Centre notified the Company of its present intentions so that the Company can modify, if deemed necessary, its future capital management strategies. The Company is currently offering up to $45 million in convertible subordinated notes due 2008 to new and existing investors.
The Company believes that it is unlikely to be adversely affected in the event such determination is made by Centre, as profits from reinsured policies are shared with Centre under the reinsurance agreement. The Company anticipates that, if it is notified of Centre's definitive determination to discontinue its participation in the agreement, it may seek other available reinsurance for its new business, which it believes could be obtained at comparable or more favorable terms. The Company's decision to seek reinsurance with another provider is highly dependent upon its future sales growth and its need to manage its statutory capital position as a result of such growth.
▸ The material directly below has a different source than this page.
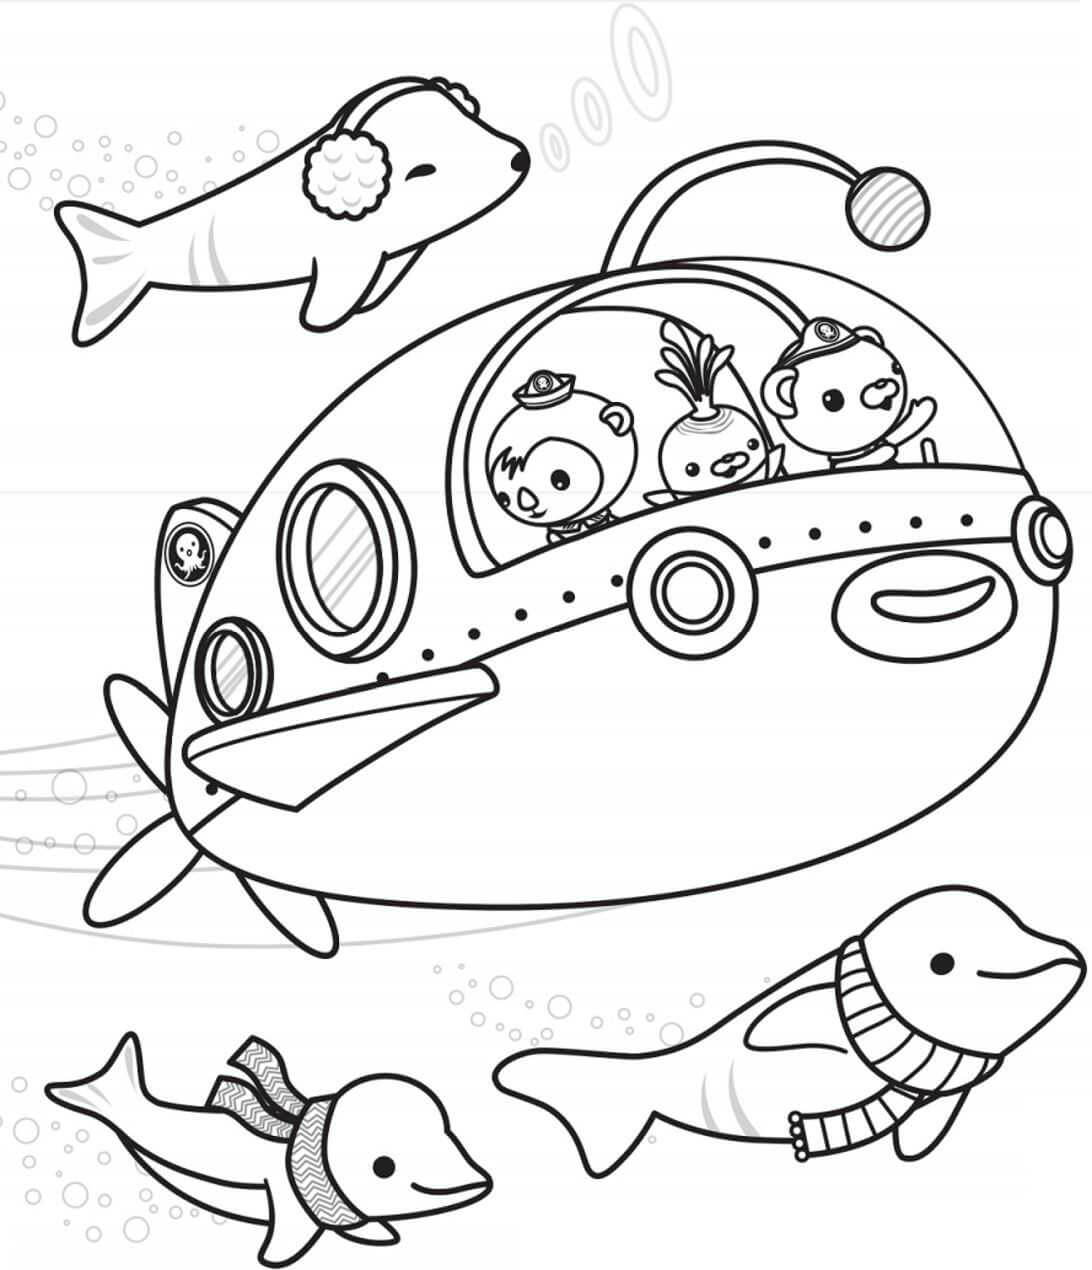 Раскраска подводная лодка для детей 5-6 лет

Certain statements made by the Company in this Current Report on Form 8-K may be considered forward-looking within the meaning of the Private Securities Litigation Reform Act of 1995. Although the Company believes that its expectations are based upon reasonable assumptions within the bounds of its knowledge of its business and operations, there can be no assurance that actual results of the Company's operations will not differ materially from its expectations, including, but not limited to, the Company's ability to obtain reinsurance with another provider, if necessary, at comparable terms, and the Company's ability to generate future sales growth in the event Centre elects not to participate in the reinsurance of newly issued policies or if reinsurance with another provider cannot be obtained. For additional information, please refer to the Company's other reports filed with the Securities and Exchange Commission.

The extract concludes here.